Canadians across the country are facing a difficult and unforeseen financial hurdles that have many worried. In fact, research by the Financial Consumer Agency of Canada back in 2018 stated that 48 per cent of Canadians said they had lost sleep because of financial worries — something that has only been exacerbated with layoffs, social-distancing and illness within the last few months.

As the world collectively frets about finances, three of the University of Waterloo’s experts in accounting and finance weigh in on what individuals can do with their personal finances, taxes and pensions to help them breathe easier and better navigate this crisis.

Wants vs. needs: Review your everyday spending

“When stress and emotions run high, it can lead to making poor financial decisions.” — Tracy Hilpert, CPA, Adjunct Lecturer, School of Accounting and Finance (SAF)

Hilpert, also Director of the SAF Financial Literacy in the Classroom initiative, stresses that before turning to expensive payday loans and high-interest credit cards, review your everyday spending to identify needs vs. wants. A want is something you enjoy and adds value to your life, but isn’t something you need to get by. Decide what “wants” you can forgo temporarily to reduce spending in the short term.

For needs, consider contacting your creditors and services providers to see what payment flexibility you can negotiate. Remember, these organizations are trying to manage as well, so payment forgiveness is not likely an option. Instead, ask about deferring your mortgage, loan, or bill payments temporarily — but make sure to understand the implications, including what it will cost and when the missed payments need to be repaid.

Read Adjunct Lecturer Tracy Hilpert’s full article

Taxes: More time and benefits

The tax filing deadline for individuals in Canada has been extended to June 1, 2020 and Andrew Bauer, Assistant Professor at the School of Accounting and Finance, highlights that you can delay payment on any taxes owed on your 2019 return until after August 31, 2020 (without interest or penalties).

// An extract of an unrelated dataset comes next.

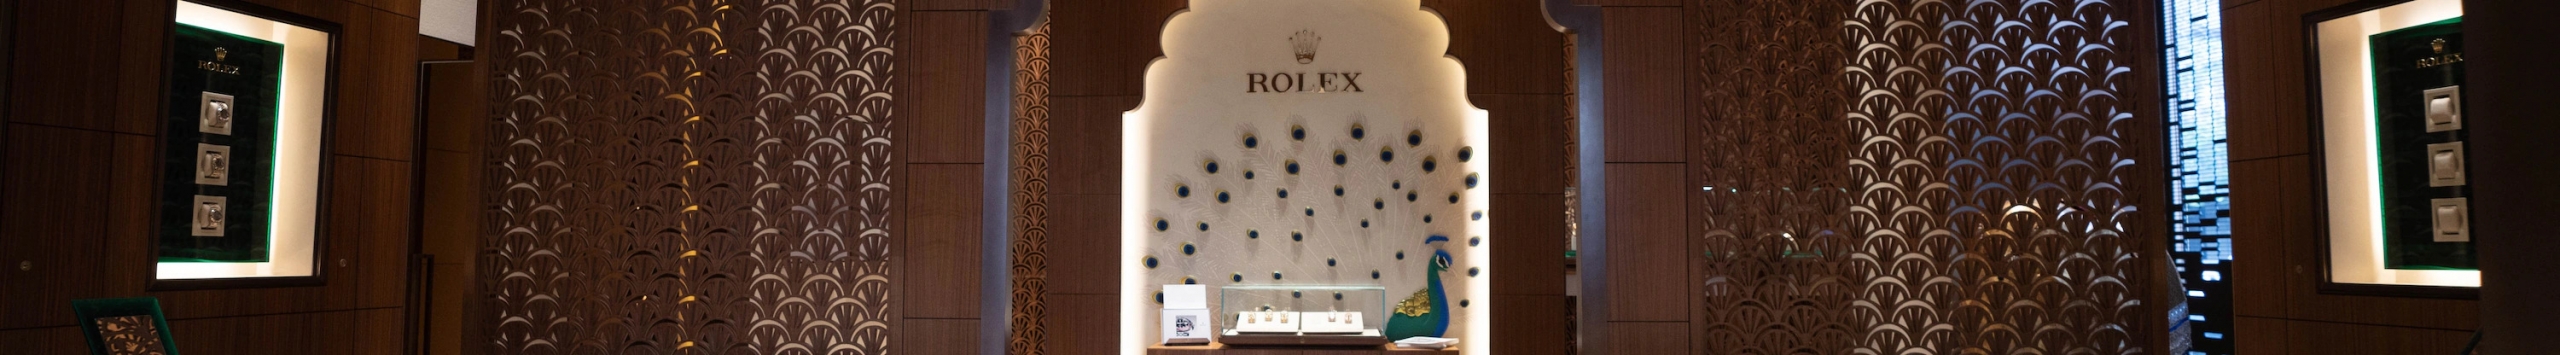 Rolex watches at Simone Ventures in Mumbai
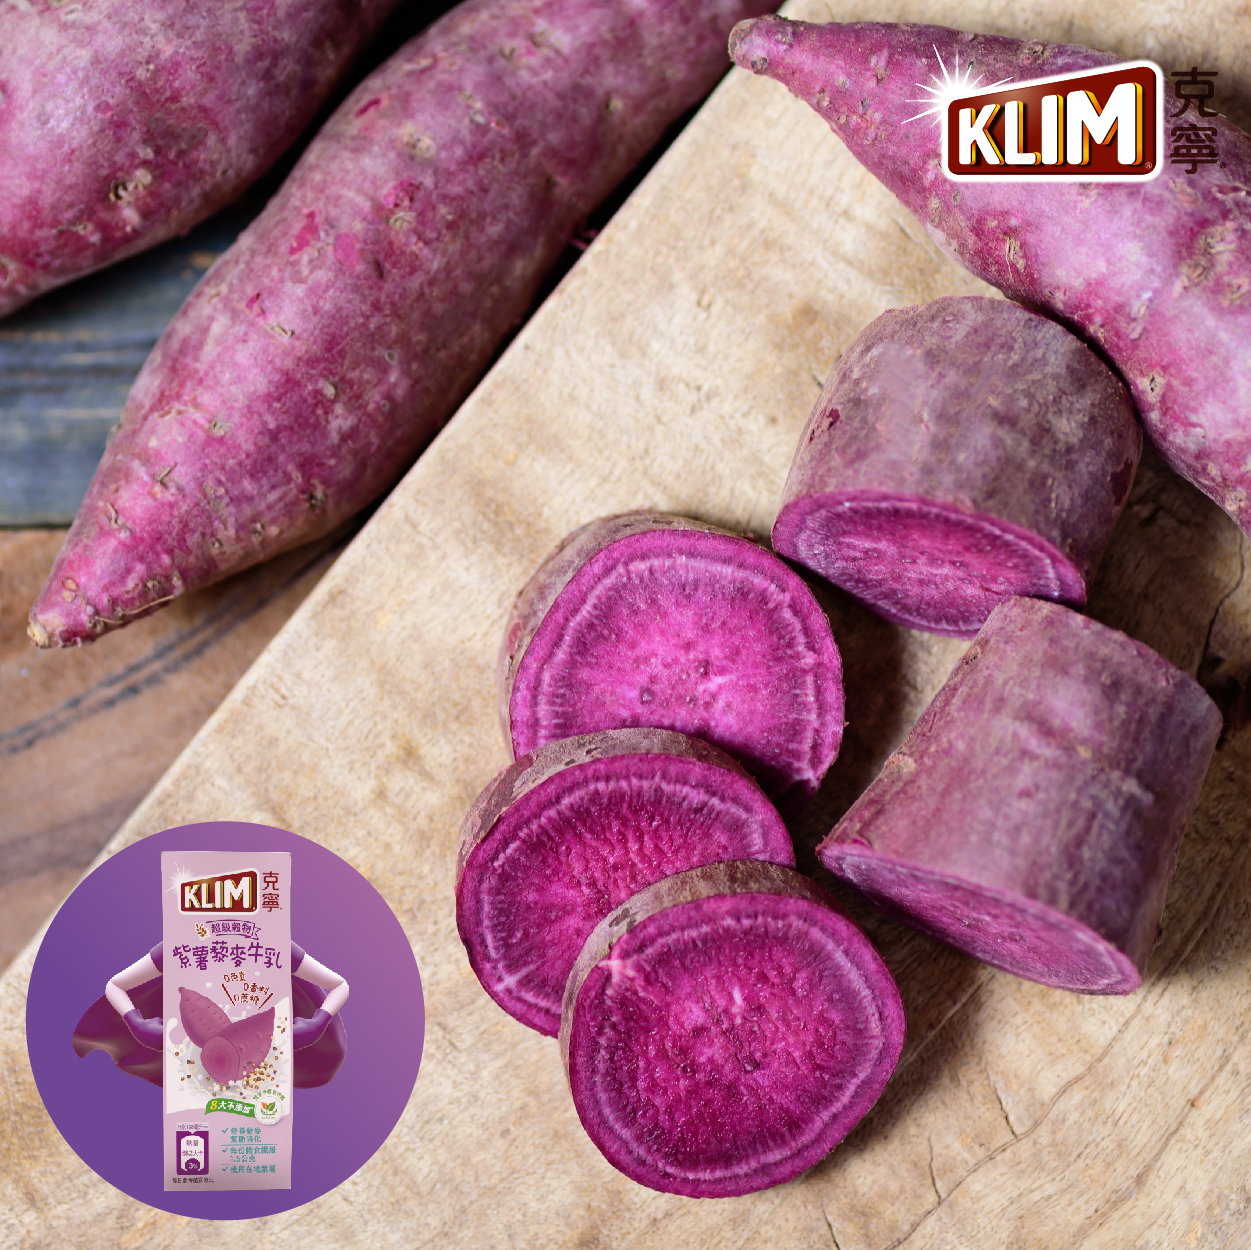 克寧 紫薯藜麥牛乳 在地紫薯與超級穀物三色藜麥尬出新口味

Bauer, also the Canada Research Chair in Taxation, Governance and Risk breaks down the tax-related government support available as outlined in the COVID-19 Economic Response Plan. The support can provide individuals with cash in the short term and comes in three forms. First, $2,000 a month, for four months, in tax benefits are available to a broad range of individuals. Eligible individuals include those off from work without paid sick leave, those without Employment Insurance (EI) benefits, those that are parents and can’t work because they care for children off from school and those in quarantine.

Second, the Canada Emergency Student Benefit (CESB) provides eligible students and new graduates $1,250 a month, or $1,750 a month for eligible students with dependents or disabilities. This benefit is available from May to August 2020, with more details to be announced soon. Those repaying student loans also automatically have their loan repayments and interest suspended until September 30, 2020.

Third, additional amounts are available for low- and modest-income families through enhancements to the GST credit (up to $400-600) and Canada Child Benefit (up to $300 per child).

Read Assistant Professor Andrew Bauer’s full article

Pensions: Protect your life’s earnings

“Among the many significant impacts of the recent crisis is the effect on individual pensions.” — Neal Stoughton, Professor, School of Accounting and Finance

In recent decades there has been a gradual trend away from defined benefit plans toward defined contribution plans. Defined benefit plans are at the discretion of the employer and may be threatened by underfunding. By contrast, defined contribution plans are ‘fully funded’ by definition, but all the risk is essentially carried by the employee or retiree. Optimal asset allocation policies are usually governed by a rule whereby the mix between risky stocks and bonds shifts towards bonds as the employee approaches retirement.

Due to the market crash, the allocation to equities has likely declined already. Therefore, many employees may find they are “underweight” equities. Stoughton recommends not exacerbating this by selling equities and moving more funds into bonds or cash.

First, lessons of financial history show that there are long run mean reversion tendencies in the stock market. Risky investment opportunities are better now than before the crisis.

Second, long-term bonds are returning a nominal return near zero, which means that even small amounts of inflation may decimate real bond returns in the future. Especially if there are more than ten years to retirement, if the equity/bond percentage is below the classical 60/40 split, a reallocation towards stocks will probably pay off handsomely in the long run.